Monday, September 10, 2012

Winning the position(s)

I have no idea if coaches give any thought to this matter but here goes anyway.

To typically be a successful basketball team, five need to become some degree of one on the court as in the sum of the talents being greater than the parts or the meshing of players individual talents making each more effective. That's well known and really important for any team in the WAC because guys who can carry a team are non-existent in the conference this coming season.

Even as individually talented as they are/were, the Kentucky 2011-12 guys played unselfishly together, not apart, and we all know the result.

However, the centerpiece of this post is the thought that victory also includes winning the position offensively and defensively, meaning your center performing better than his opponent, your four doing the same and so on down the line.

To triumph generally requires winning the overall mano-a-mano battles at the majority of the five positions.
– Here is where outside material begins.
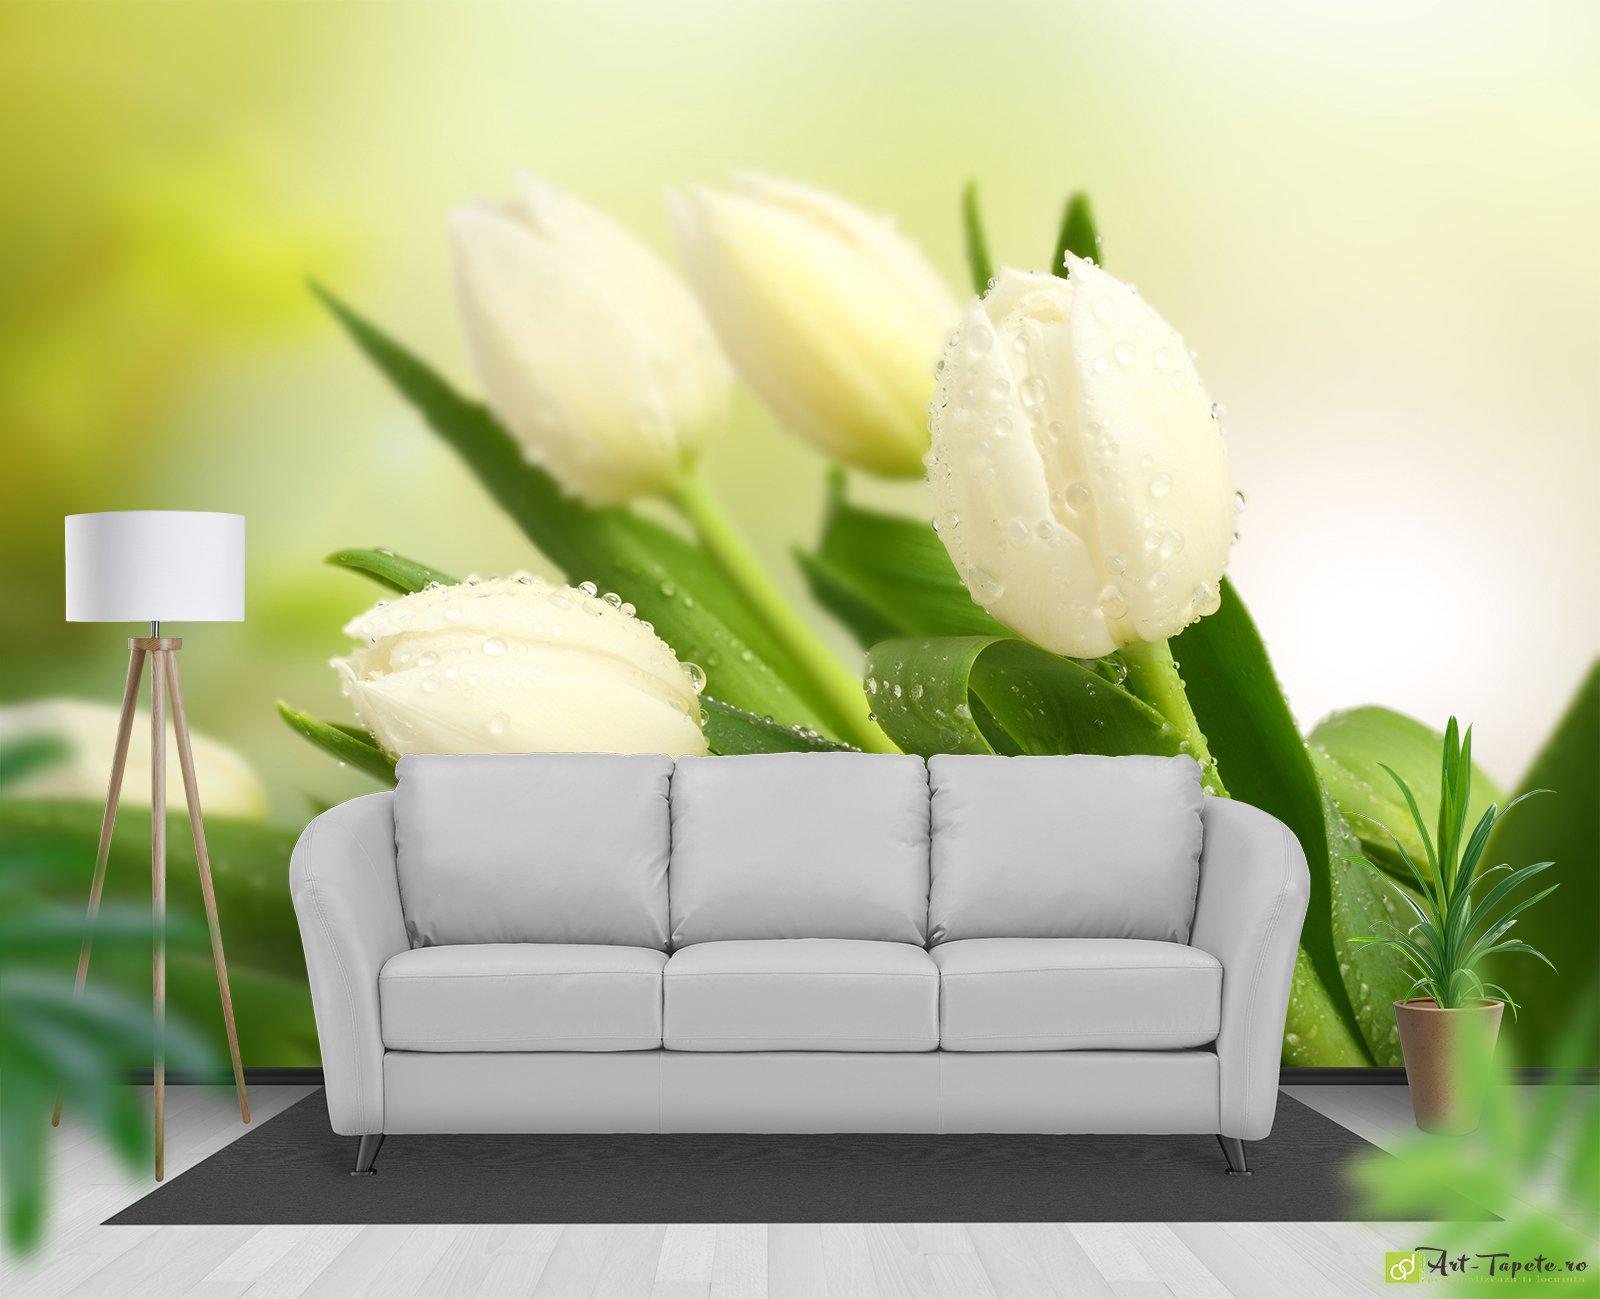 Обои тюльпаны на стены

The exception -- and there always seems to be one -- being when a player just goes off for 35 points or some sort of never-to-be-reached again career night while his direct opponent manages say five.

In that scenario, winning at the other positions isn't such a requirement in order to nab a W -- but how many times do such individual efforts occur?

But it's also critical to understand the connection between playing as a unit and succeeding in the battles at the individual positions. They are intertwined.

Making all this somewhat more concrete, let's have some fun and predict/project the starting fives for New Mexico State and Utah State in the upcoming season.

The southern Aggies:

* Tshilidzi Nephawe
* Bandja Sy
* Tyrone Watson
* Daniel Mullings
* K.C. Ross-Miller

The northern Aggies

* Jarred Shaw
* Kyisean Reed
* Spencer Butterfield
* Preston Medlin
* Tenale Roland

Granted, bench production is being ignored in this equation but who wins which of the individual positional struggles between these two opponents, takes a majority and thus a victory?